Tijdens de mondelinge behandeling op 13 januari 2016 werd het standpunt van belanghebbende herhaald dat de bijdrage voor de auto als negatief loon moet worden aangemerkt, omdat deze noodzakelijk was voor zijn functie. De inspecteur betwistte dit en stelde dat de keuze voor de duurdere auto niet voortvloeide uit de dienstbetrekking, maar uit een persoonlijke voorkeur van belanghebbende. Het Hof oordeelde dat de bijdrage niet als negatief loon kan worden aangemerkt, omdat deze niet haar grond vindt in de dienstbetrekking. Het Hof volgde de jurisprudentie van de Hoge Raad, die stelt dat bijdragen voor een ter beschikking gestelde auto, behoudens bijzondere omstandigheden, niet als negatief loon kunnen worden aangemerkt.

Het Hof concludeerde dat belanghebbende niet had aangetoond dat hij zich niet kon onttrekken aan het gebruik van de duurdere auto en dat er geen bijzondere omstandigheden waren die een andere conclusie rechtvaardigden. De uitspraak van de rechtbank werd bevestigd, en het hoger beroep van belanghebbende werd ongegrond verklaard. Er werd geen proceskostenvergoeding toegekend.

Uitspraak

GERECHTSHOF DEN HAAG
Team Belastingrecht
meervoudige kamer
nummer BK-15/00654

Uitspraak d.d. 6 april 2016

in het geding tussen:

[X] te [Z] , belanghebbende,

en

de inspecteur van de Belastingdienst, kantoor Den Haag, de Inspecteur,

inzake het hoger beroep van belanghebbende tegen de uitspraak van de rechtbank Den Haag van 28 april 2015, nummer AWB 14/11339 IB/PVV, betreffende de onder 1.1. vermelde aanslag en beschikking.
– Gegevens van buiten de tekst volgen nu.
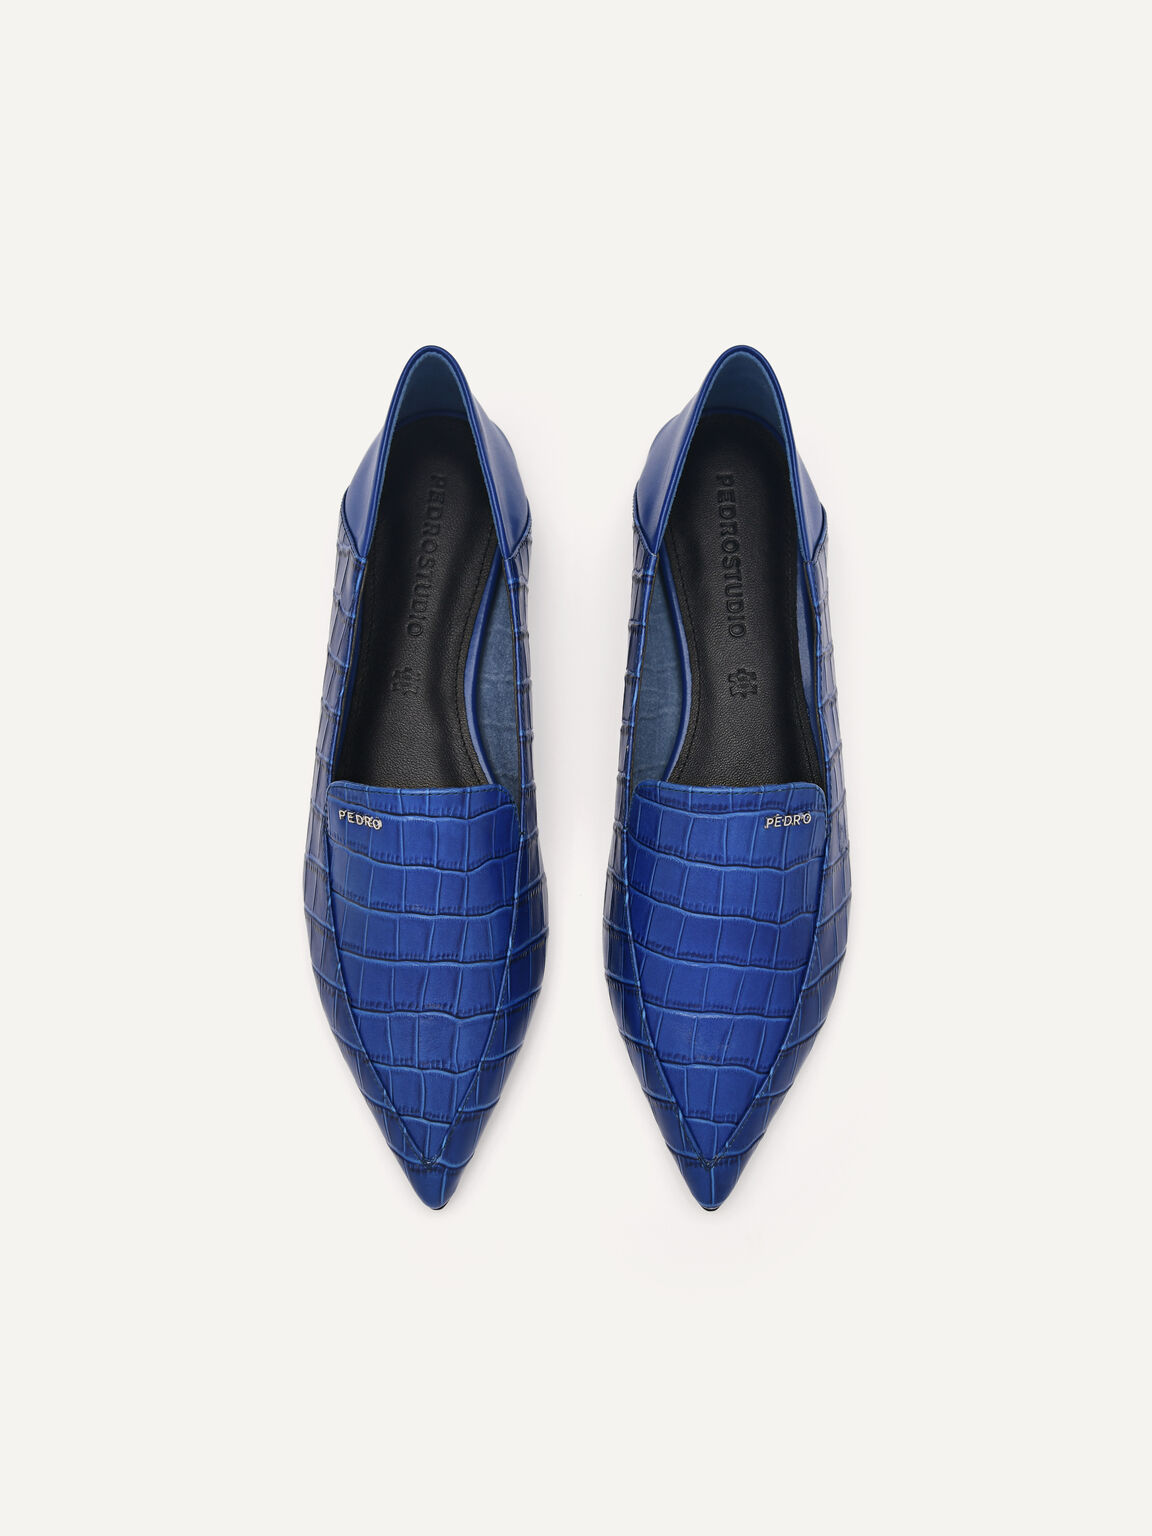 PEDRO工作室Kristen皮革平底鞋, 海军蓝色

Aanslag, beschikking, bezwaar en geding in eerste aanleg

1.1.
De Inspecteur heeft belanghebbende met dagtekening 7 november 2013 een aanslag in de inkomstenbelasting en de premieheffing volksverzekeringen opgelegd naar een belastbaar inkomen uit werk en woning van € 128.692 en een belastbaar inkomen uit sparen en belegen van € 366. Bij gelijktijdig met de vaststelling van de aanslag gegeven beschikking heeft de Inspecteur belanghebbende heffingsrente tot een bedrag van € 347 in rekening gebracht.
1.2.
De Inspecteur heeft bij uitspraak op bezwaar de bezwaren van belanghebbende afgewezen.
1.3.
Belanghebbende heeft tegen de uitspraak op bezwaar beroep ingesteld bij de rechtbank. Daarvoor heeft de griffier van de rechtbank een griffierecht van € 45 geheven. De rechtbank heeft het beroep ongegrond verklaard.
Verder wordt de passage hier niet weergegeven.